Need some help links/tips/ideas please share them :thumb:

Thanks.


----------



## DJRansome (Oct 29, 2005)

Which type of Malawi are you going to keep? A couple of those rocks would work for haps and peacocks. If you want mbuna I would use a bunch of smaller rocks as well to make lots of fish-sized crevices for them to swim through and hide in.


----------



## q8vw (Mar 12, 2013)

DJRansome said:


> Which type of Malawi are you going to keep? A couple of those rocks would work for haps and peacocks. If you want mbuna I would use a bunch of smaller rocks as well to make lots of fish-sized crevices for them to swim through and hide in.


After and reading some articles about the fish size, behavior , i will go with Mbuna cichlids, i will bring more small rocks of the same type, and try to make caves for the fish to hide and tunnels to swim through.


----------



## JimA (Nov 7, 2009)

You can look through this thread and see if something catches your eye.

viewtopic.php?f=4&t=177546


----------



## q8vw (Mar 12, 2013)

JimA said:


> You can look through this thread and see if something catches your eye.
> 
> viewtopic.php?f=4&t=177546


Great link, lots awesome tanks and ideas..

Thank you.


----------



## q8vw (Mar 12, 2013)

Brought some more rocks today, as for Mbuna tank how much should i put space between rocks and glass? 5 inch is enough for them to play with the sand?

Here is a picture of the new small rocks that I brought





Going to try to arrange them so they look good. Any tip/comments welcome =)


----------



## q8vw (Mar 12, 2013)

Any good guys?

1st try =)


----------



## skins4431 (Jul 20, 2011)

Just wondering if you tried to put them in like you had them stacked on the table at first. It might not look too bad. Might have to move a couple but that's my 2 cents..


----------



## q8vw (Mar 12, 2013)

skins4431 said:


> Just wondering if you tried to put them in like you had them stacked on the table at first. It might not look too bad.
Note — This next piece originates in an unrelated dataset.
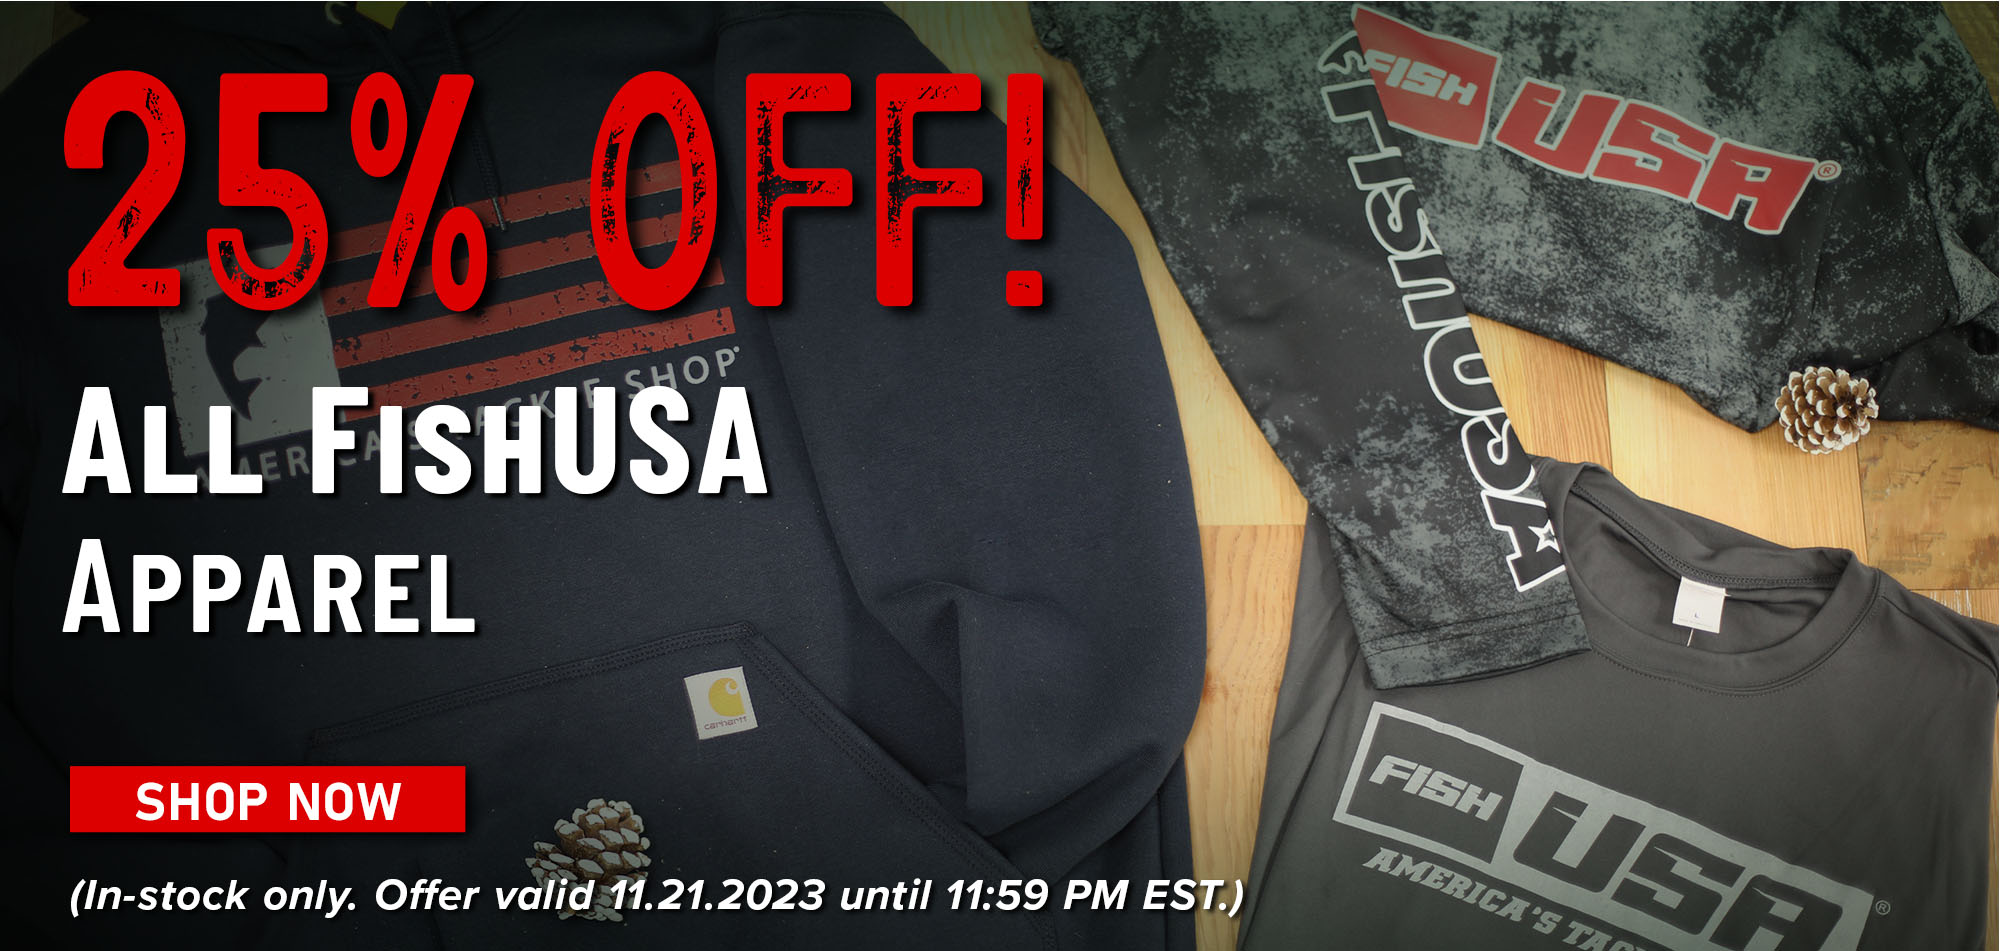 25% Off! All FishUSA Apparel Shop Now (In-stock only. Offer valid 11.21.2023 until 11:59 PM EST.)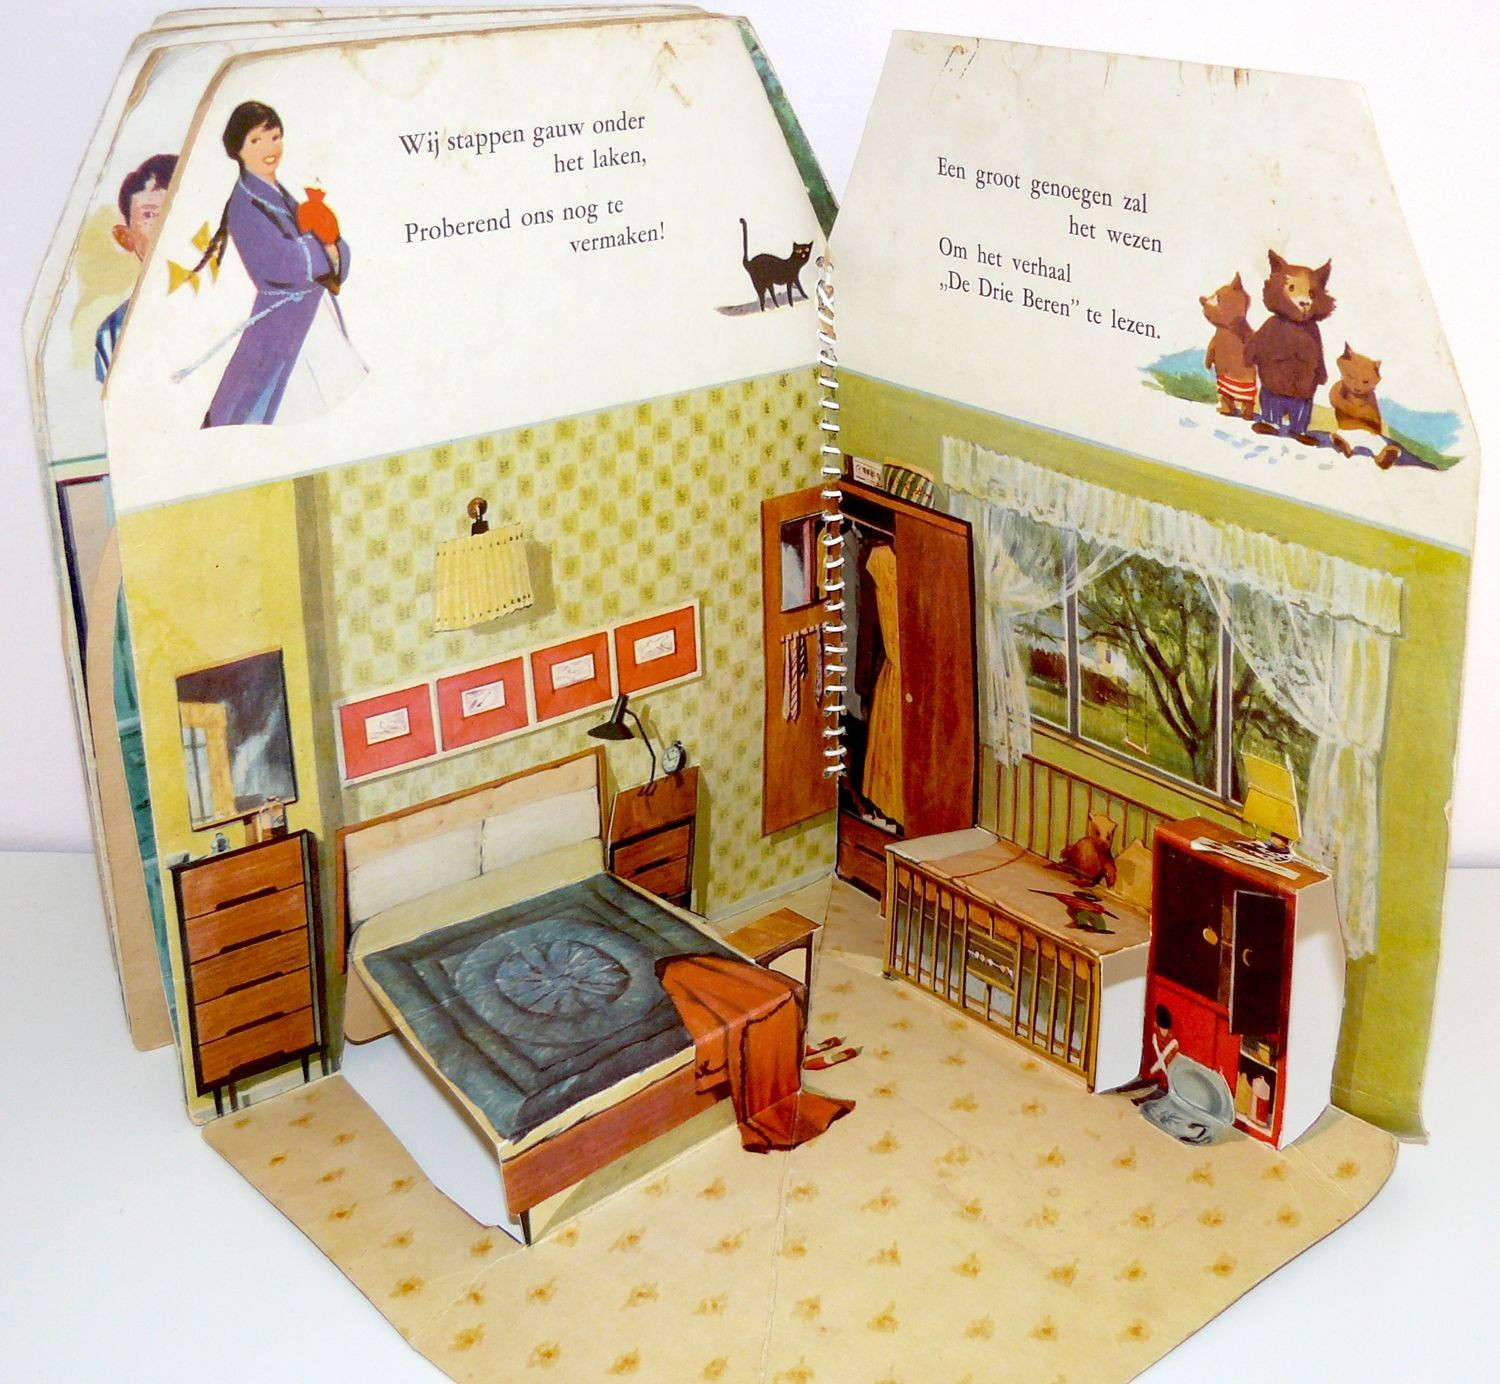 Papercraft Dollhouse Vintage Pop Up Book "doll House" by Marion Moss 1946

Might have to move a couple but that's my 2 cents..


I'm trying to aquascape using the "Rule of thirds" with one focal point.


----------



## CrypticLifeStyle (Dec 14, 2009)

I like how you have the equipment setup, and i love those overflows


----------



## q8vw (Mar 12, 2013)

CrypticLifeStyle said:


> I like how you have the equipment setup, and i love those overflows


to be honest, its my first time to drill tank and do the plumping, its running deadly silent and the main siphon is handling the sicce pump 5.0 (1321gph) with only 1/4 open,, maybe i can push +2000gph through the sump,

Next time when i start new tank, I'm going to make everything hidden, But for now i'm going to cover the steel stand with wooden doors with Neodymium magnets to be easy to take of to do maintenance.


----------



## q8vw (Mar 12, 2013)

I Guess I'm done for tonight (+3 GMT), and this is the result, any thoughts?







going to buy pool filter sand tomorrow morning :thumb:


----------



## q8vw (Mar 12, 2013)

FPS is added (100 lbs), Now waiting for fish-less nitrogen cycle to be completed...

I'm going to hide the plumbing by adding a piece of black acrylic or something on the bracer of the tank above the overflow box + outlet, it will create shadow.



Now i need to think about how to stock Mbuna cichlids for my 130 gallon, Really need some help into this, I've read somewhere there is male/female ratio that i have to take care of... Any tips?

Thanks.


----------



## toddnkaya (Apr 27, 2013)

There is a lot of information in the library on this.
http://www.cichlid-forum.com/articles/s ... inners.php
Good luck,
Todd


----------